1 概述
1.1 什么是harbor
Harbor 是一个企业级的云原生容器镜像仓库,由 VMware 主导开发并贡献给 Cloud Native Computing Foundation (CNCF)。它通过为 Docker 镜像提供安全、高效的管理能力,帮助企业简化容器应用程序的交付流程。相比于传统的 Docker Registry,Harbor 提供了更多的企业级特性,如容器镜像仓库之间的镜像复制、用户管理、访问控制、漏洞扫描和镜像签名等功能
1.2 Harbor的特性
Harbor 的主要作用是为容器化应用程序提供集中式的镜像存储管理。它允许企业通过集中的仓库存储、分发和保护容器镜像,确保开发、测试和生产环境中使用的镜像都符合安全和合规要求。
Harbor有以下特性:
基于云原生场景: Harbor 支持容器镜像和 Helm Chart,可用作容器Runtime和编排平台等云原生环境的镜像仓库。
镜像管理: Harbor 作为一个企业级的镜像仓库,支持 Docker 和 OCI 格式镜像的存储和管理。
细粒度的访问控制: 通过基于角色的访问控制 (RBAC),Harbor 能够确保不同用户在仓库中的操作权限得到精确控制。
镜像复制: 支持跨多个 Harbor 实例进行镜像复制,帮助实现多数据中心或混合云环境下的高效镜像分发。
漏洞扫描: 集成了 Clair 或 Trivy 等安全工具,Harbor 可以自动扫描镜像中的安全漏洞,确保部署的镜像安全。
镜像签名和内容信任: 通过 Notary 集成,Harbor 支持镜像的签名和验证,确保镜像的完整性和可信度。
日志与审计: 提供详细的操作日志和审计功能,帮助企业了解镜像的使用和管理情况。
多租户支持: Harbor 支持项目隔离,帮助企业实现多租户环境下的镜像管理。
LDAP/AD 支持:Harbor 与现有的企业 LDAP/AD 集成以进行用户身份验证和管理,并支持将 LDAP 组导入 Harbor,然后可以授予特定项目的权限。
镜像删除和垃圾收集:系统管理员可以运行垃圾回收作业,以便可以删除镜像(悬挂的manifests 和未引用的blobs),并且可以定期释放这些空间。
审核:对存储库的所有操作都通过日志进行跟踪。
RESTful API:提供 RESTful API 以方便管理操作,并且易于使用以与外部系统集成。嵌入式 Swagger UI 可用于探索和测试 API。
1.3 Harbor架构
Harbor 的架构设计遵循微服务原则,由多个松耦合的组件组成,每个组件负责不同的功能模块。在V2.0版本,已经完全符合 OCI 标准。
下图是 Harbor 的整体架构
2 Harbor部署
2.1 环境配置:
系统:kylin V10
docker: 26.1.4
docker compose:v2.27.1
Harbor:2.12.3
2.2 部署安装
Harbor官网安装文档
Github仓库地址
安装前准备工作:
Make sure that your target host meets the Harbor Installation Prerequisites.
If installation fails, see Troubleshooting Harbor Installation.
下载Harbor离线包,我们选择1.12.3版本
详细安装方法
[root@kylin01 opt]# wget https://github.com/goharbor/harbor/releases/download/v2.12.3/harbor-offline-installer-v2.12.3.tgz
[root@kylin01 opt]# tar zxvf harbor-offline-installer-v2.12.3.tgz
harbor/harbor.v2.12.3.tar.gz
harbor/prepare
harbor/LICENSE
harbor/install.sh
harbor/common.sh
harbor/harbor.yml.tmpl
修改harbor.yml配置文件
[root@kylin01 harbor]# cp harbor.yml.tmpl harbor.yml
# Configuration file of Harbor
# The IP address or hostname to access admin UI and registry service.

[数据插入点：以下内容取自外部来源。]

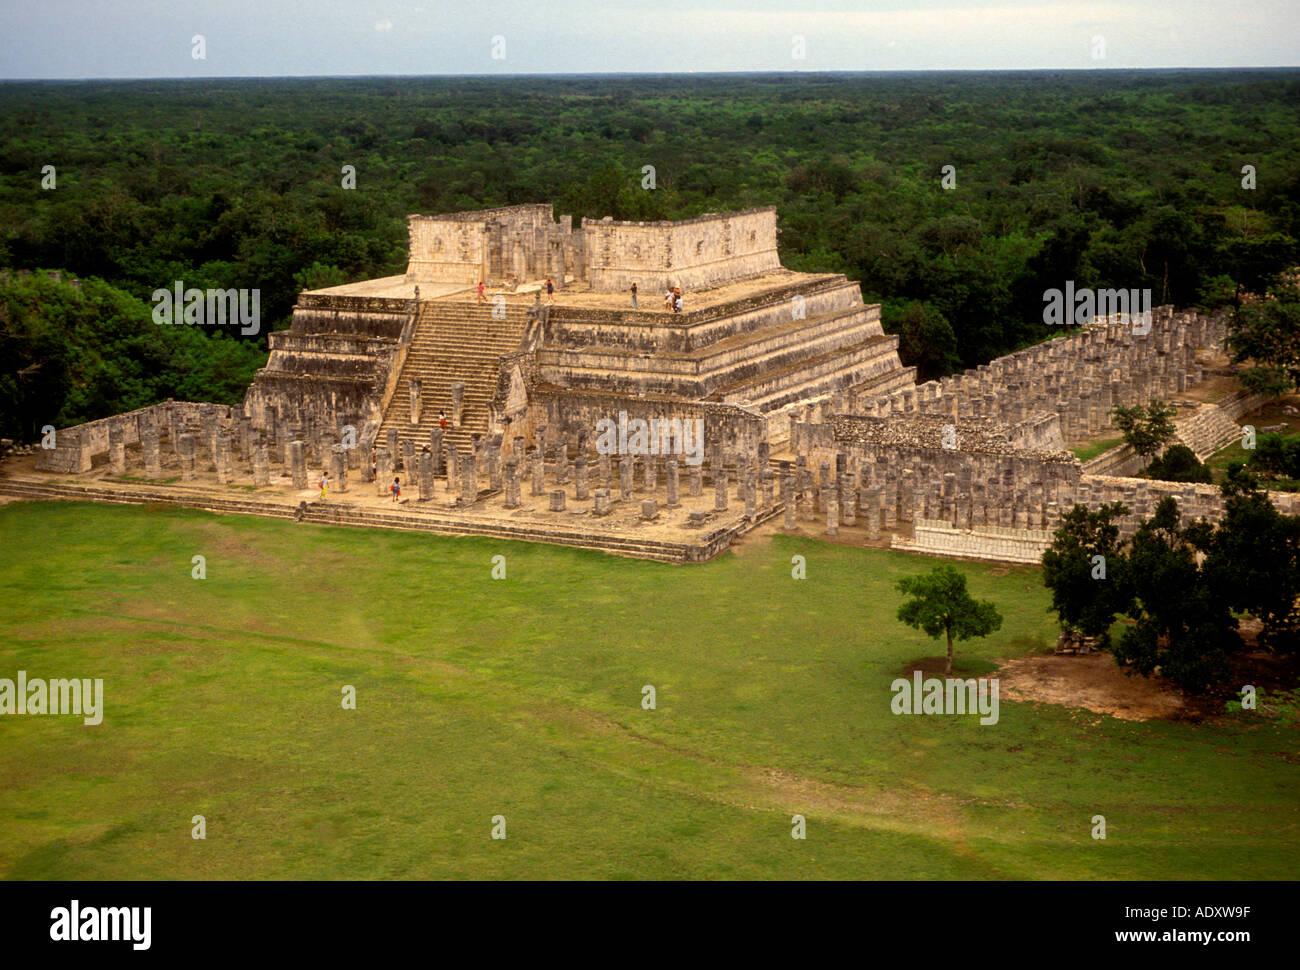 Temple of the Warriors, Templo de los Guerreros, Chichen Itza Archaeological Site, Yucatan State, Yucatan Peninsula, - Stock Image

# DO NOT use localhost or 127.0.0.1, because Harbor needs to be accessed by external clients.
# 修改主机ip
hostname: 10.168.1.162
# http related config
http:
# port for http, default is 80. If https enabled, this port will redirect to https port
port: 80
# https related config
# 如果没有配置SSL,注释HTTPS
#https:
# https port for harbor, default is 443
# port: 443
# The path of cert and key files for nginx
# certificate: /your/certificate/path
# private_key: /your/private/key/path
# enable strong ssl ciphers (default: false)
# strong_ssl_ciphers: false
# # Harbor will set ipv4 enabled only by default if this block is not configured
# # Otherwise, please uncomment this block to configure your own ip_family stacks
# ip_family:
# # ipv6Enabled set to true if ipv6 is enabled in docker network, currently it affected the nginx related component
# ipv6:
# enabled: false
# # ipv4Enabled set to true by default, currently it affected the nginx related component
# ipv4:
# enabled: true
# # Uncomment following will enable tls communication between all harbor components
# internal_tls:
# # set enabled to true means internal tls is enabled
# enabled: true
# # put your cert and key files on dir
# dir: /etc/harbor/tls/internal
# Uncomment external_url if you want to enable external proxy
# And when it enabled the hostname will no longer used
# external_url: https://reg.mydomain.com:8433
# The initial password of Harbor admin
# It only works in first time to install harbor
# Remember Change the admin password from UI after launching Harbor.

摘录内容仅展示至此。